Lastly, there are many people with skills and experience from within underserved communities that could be serving communities worldwide, including indigenous, marginalized ethnicities, rapidly increasing migrant populations, the diversely abled and the LGBTIQ population. Our access to the exam is limited for the same reasons that our communities are underserved. Nearly three-quarters of the world’s IBCLCs reside in America (or serve in the American military) and even there many communities are unrepresented in the profession and underserved.

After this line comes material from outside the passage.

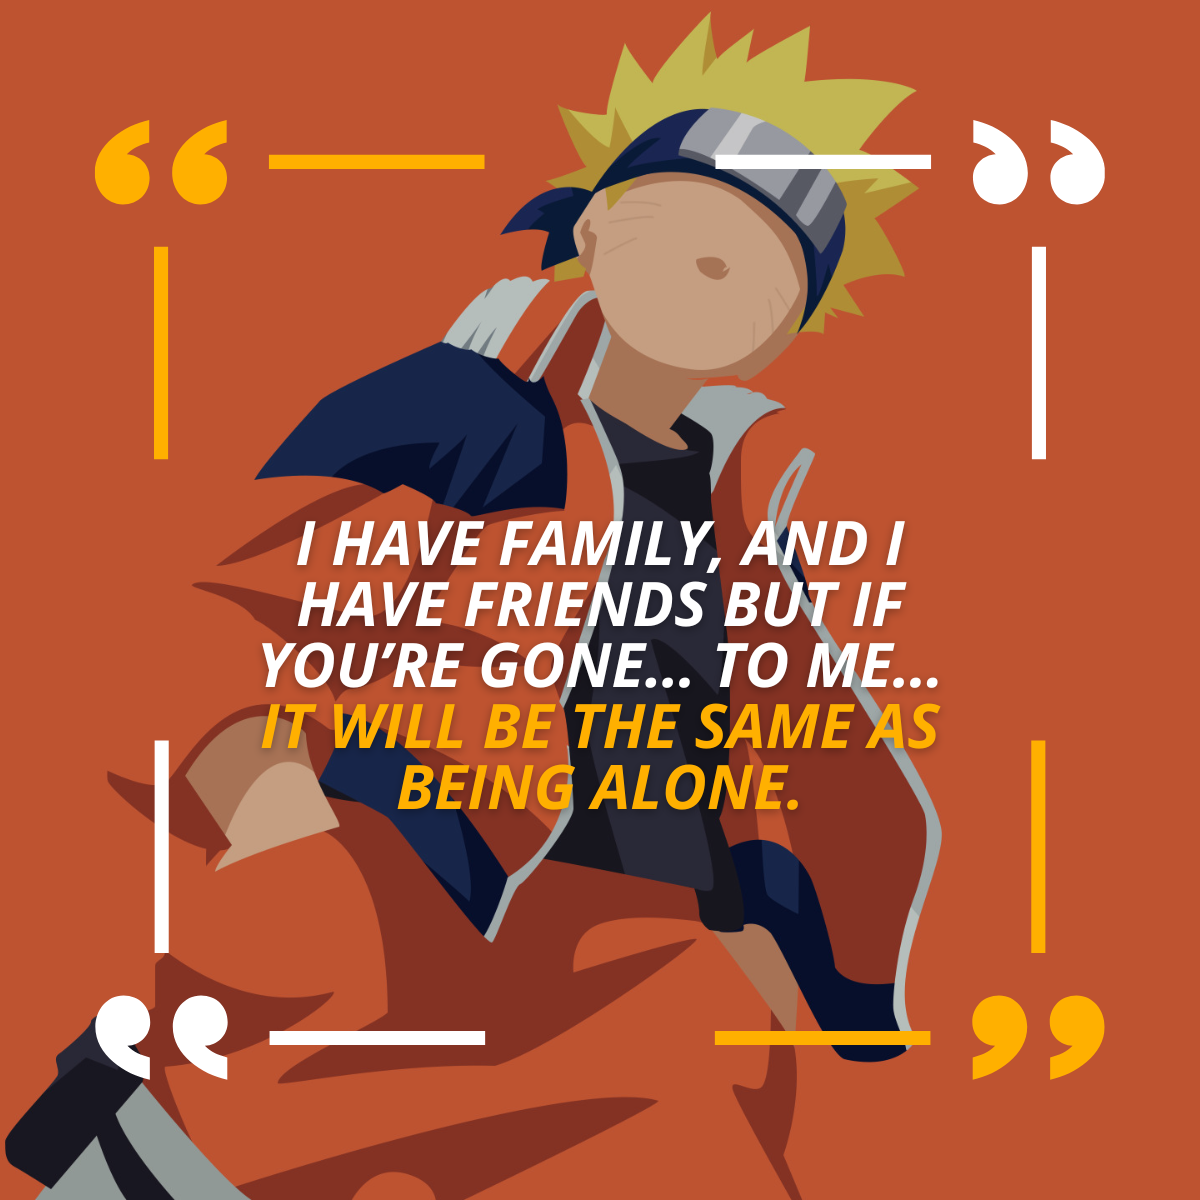 Naruto Quotes for Instagram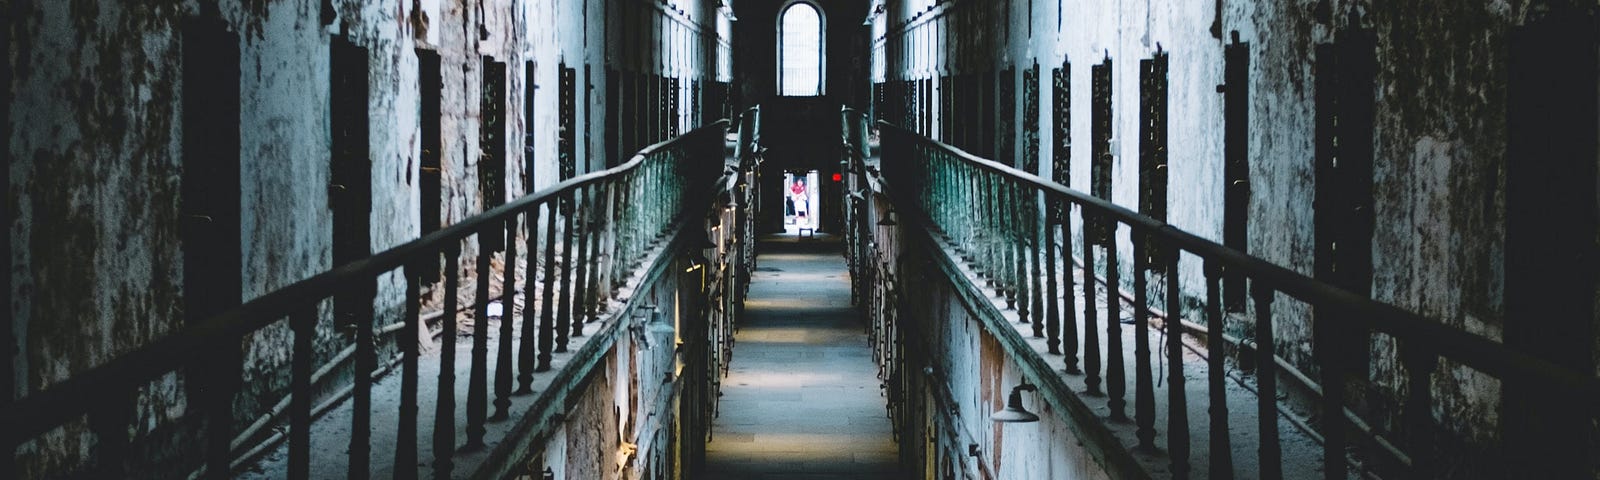 A young woman walks down a long hallway of what appears to be a narrow, old prison. A new TikTok trend blends physical activity and environmental exposure. This essay explores stealth strolling, the hush-hush trend taking social media by whisper.

In lieu of statistics, we can look at the way the profession is described, the images used in breastfeeding literature, and the gendered language used by IBLCE and throughout the breastfeeding field generally. I think it is safe to say that the lactation profession is practiced predominantly by white, English speaking, middle-class, heterosexual, partnered, cisgender women. I know there are a few exceptions to that and I take my hat off to sole earners or primary breadwinners, people of color, LGBTIQ people, men, and those with linguistic challenges who have managed to enter and gain employment within the profession.
These were the thoughts that cast the cloud over the IBCLC for me, a cloud that lifted upon reading Elizabeth Brooks’ address, opening a much needed dialogue on barriers to the profession. The discussion that followed with her and others was, in the end, a cause for celebration of IBCLC day. I am currently an IBCLC exam candidate and believe strongly in creating a profession that is as equitable as it is professional. I am much looking forward to continuing this discussion at the Lactation Summit in Phoenix in July, where I will be an eager participant.
Aiden Farrow is an Australian who has lived most of their adult life in Italy where they are currently a single parent of two bilingual and bicultural children. A member of the LGBTIQ community and parent of a diversely abled breastfeeder (a daughter born with a cleft lip and palate), they write on issues of inclusion and special needs in breastfeeding support through their two websites www.languageofinclusion.com and www.cleftlipandpalatebreastfeeding.com.